New SHA Functions Boost Crypto On 64-bit Chips 60
An anonymous reader writes "The National Institute of Standards and Technology, guardian of America's cryptography standards, has announced a new extension to the SHA-2 hashing algorithm family that promises to boost performance on modern chips. Announced this week, two new standards — SHA-512/224 and SHA-512/256 — have been created to directly replace the SHA-224 and SHA-256 standards. They take advantage of the speed improvements inherent in SHA-512 on 64-bit processors to produce checksums more rapidly than their predecessors — but truncate them at a shorter length, reducing the overall timespan and complexity of the digest."
Further details are available from NIST (PDF).
Re:faster?? (Score:1, Informative)
Wasn't there an article recently complaining that the speed of SHA made it relativly useless as a hashing algorithm to protrect passwords? Surely the increase in speed would have a greater effect on cracking speed than on the speed of legitimite authentication.
Yes and no.
Yes there was such an article.
No it doesn't mean shit - that's what salts and multiple rounds of an algorithm are for.
But then again, yes this is bad news bears because nobody can seem to keep their password file out of reach of hackers, nobody can seem to figure out why and how they should use a salt, and no one ever configures their crypto to do anything but the bog standard shit. This is a result of idiots mindlessly screaming "Don't roll your own crypto!!!!" and forgetting that the last word of that sentence is supposed to be "algorithm". You absolutely should have a non-standard crypto routine using a standard algorithm. This isn't security through obscurity, it's security though making script kiddies' rainbow tables useless.
Re:faster?? (Score:4, Informative)
IIRC the CRC hashes are only designed to protect against accidental changes while secure hashes are designed to protect against both accidental and malicious changes. This makes them more suited to distributed systems where not every participant is trustworthy.
CRC has its limits. (Score:4, Informative)

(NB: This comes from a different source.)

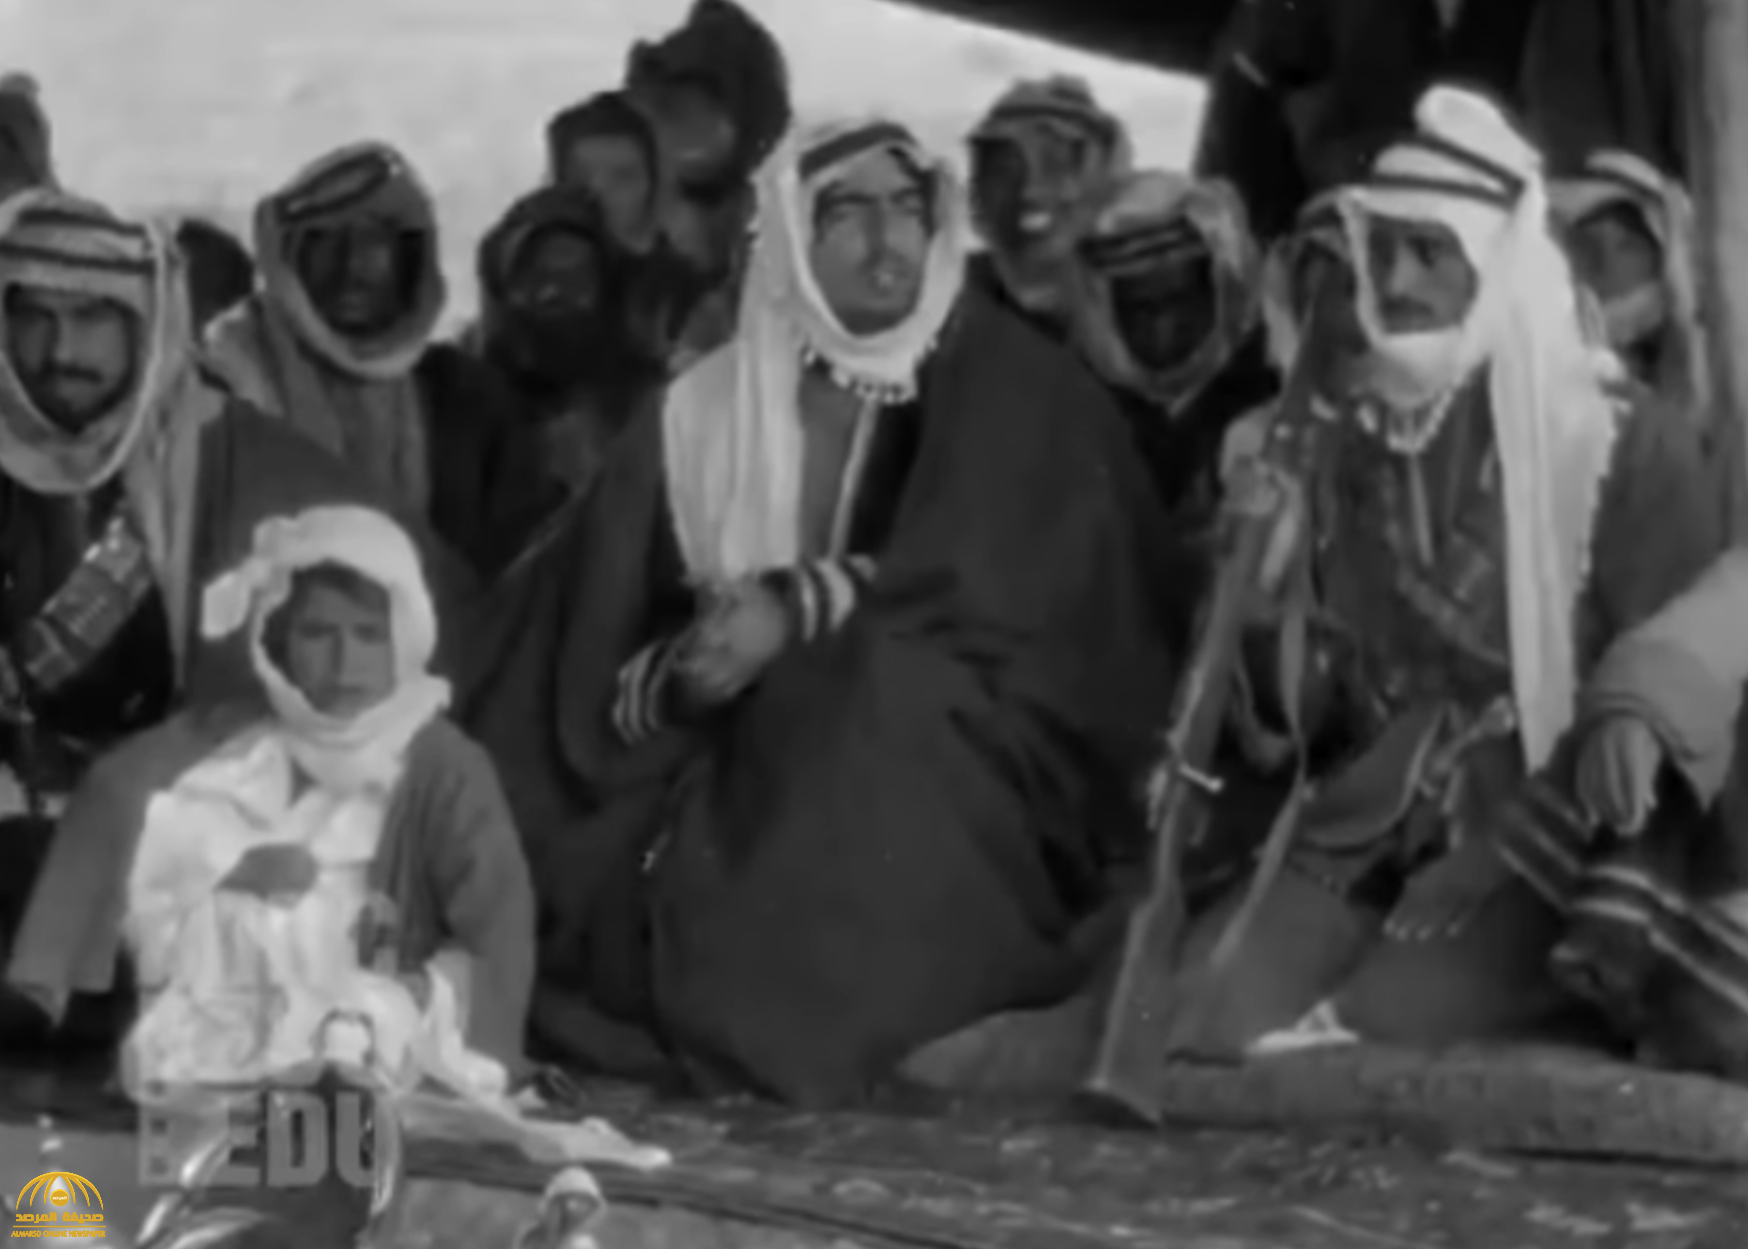 شاهد.. فيديو نادر ومثير يوثق جوانب من حياة أفراد "قبيلة" في شمال المملكة قبل 100 عام

Different hashes are for different purposes.
No argument there.
The CRC class of hash functions actually makes certain statistical guarantees for the longest run of possible errant bytes in source data and are extremely faster, making them far more suitable for file integrity checks.

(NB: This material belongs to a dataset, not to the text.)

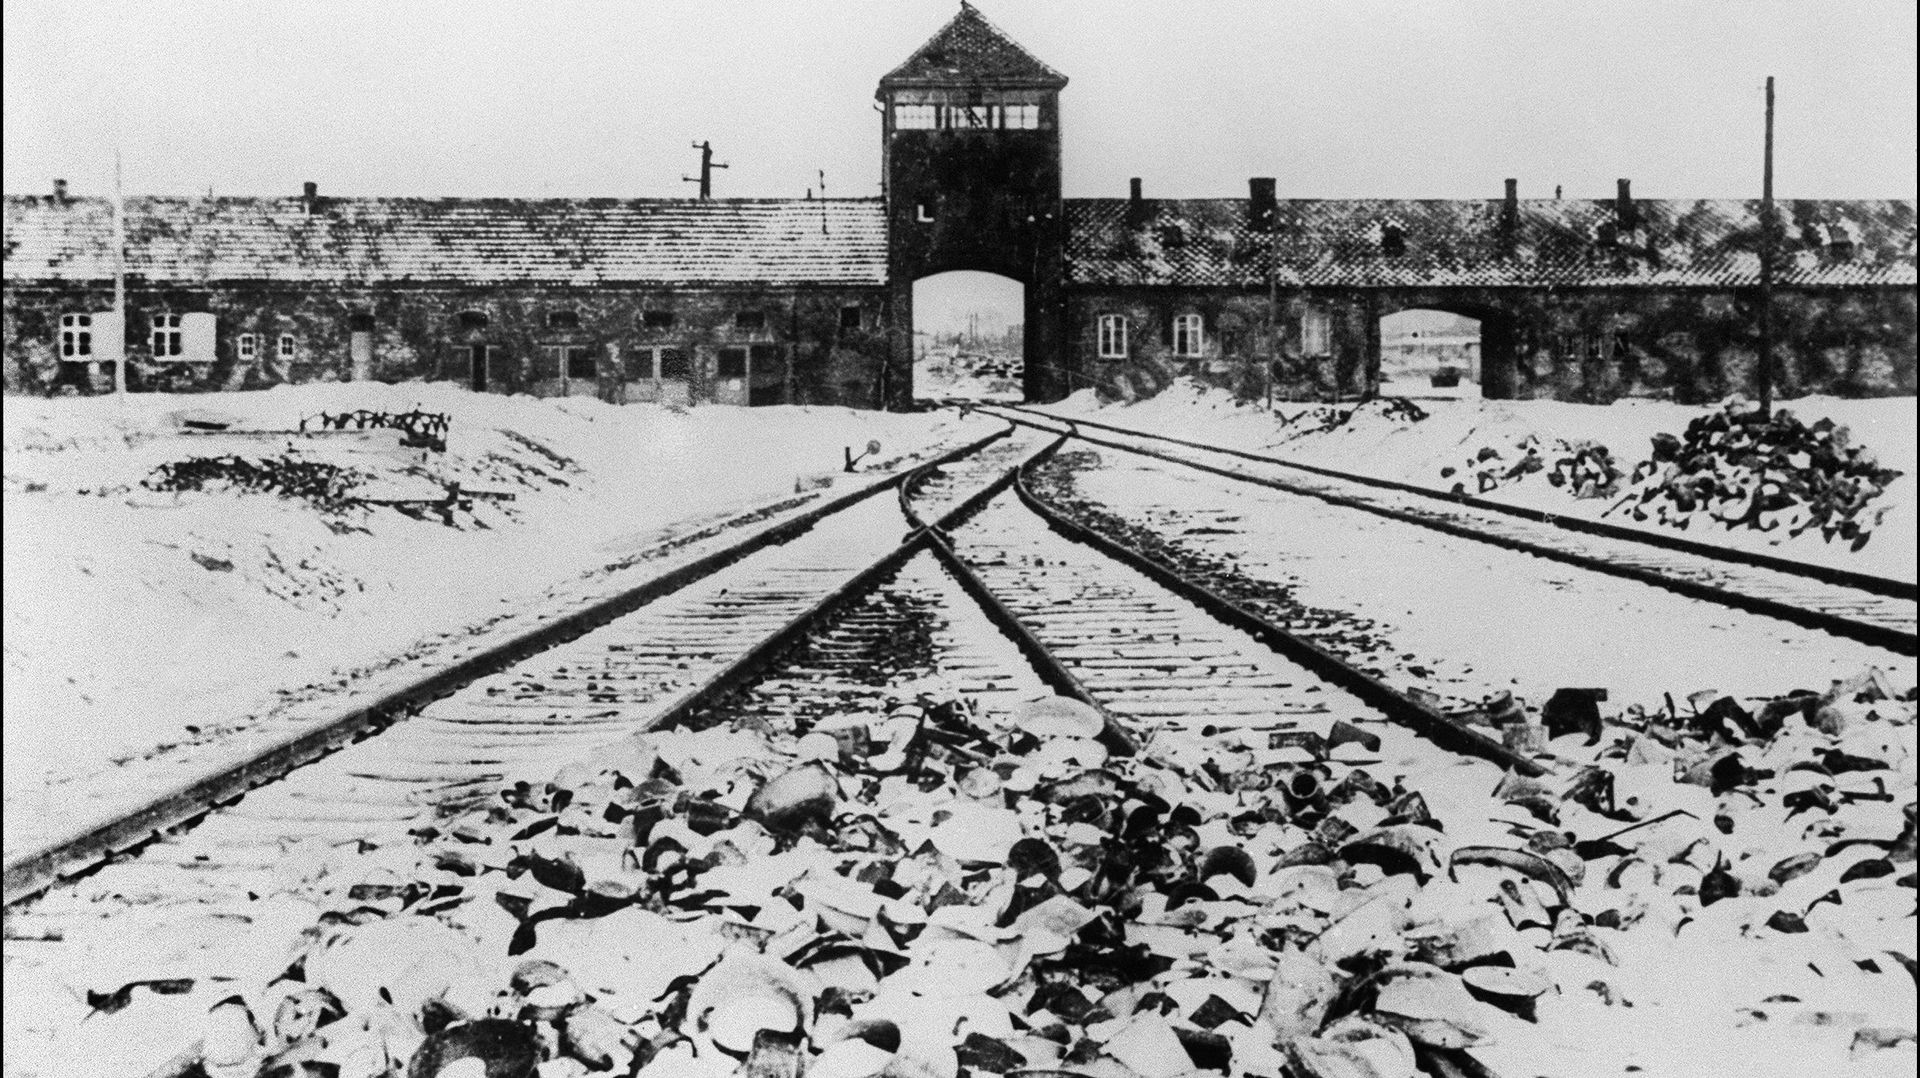 L'entrée d'Auschwitz-Birkenau, camp de concentration et centre d'extermination, photographié en janvier 1945 après la libération.

CRC is great for packet-sized input, but not so great over larger chunks of data; also, the way its design targets burst errors means that widely separated point errors aren't as effectively caught. There's a reason Ethernet jumbo frames haven't gone much over 9000 bytes -- Ethernet's CRC-32 is much less effective at message sizes over 12000 bytes [wareonearth.com] or so. Cryptographically strong hashes tend to be less sensitive to input length.
Link to the standard (Score:4, Informative)
If anyone is interested in the source material, here it is:
http://csrc.nist.gov/publications/drafts/fips180-4/Draft-FIPS180-4_Feb2011.pdf [nist.gov]
Fresh from the press, it seems.
By the way, the SHA-512/224, SHA-512/256, SHA-384 and SHA-512 are only different in their initial hash value, so it is very easy to implement these algorithms. Just change the constant and cut the required number of output bits. Personally, I think it is at least two hash functions too many.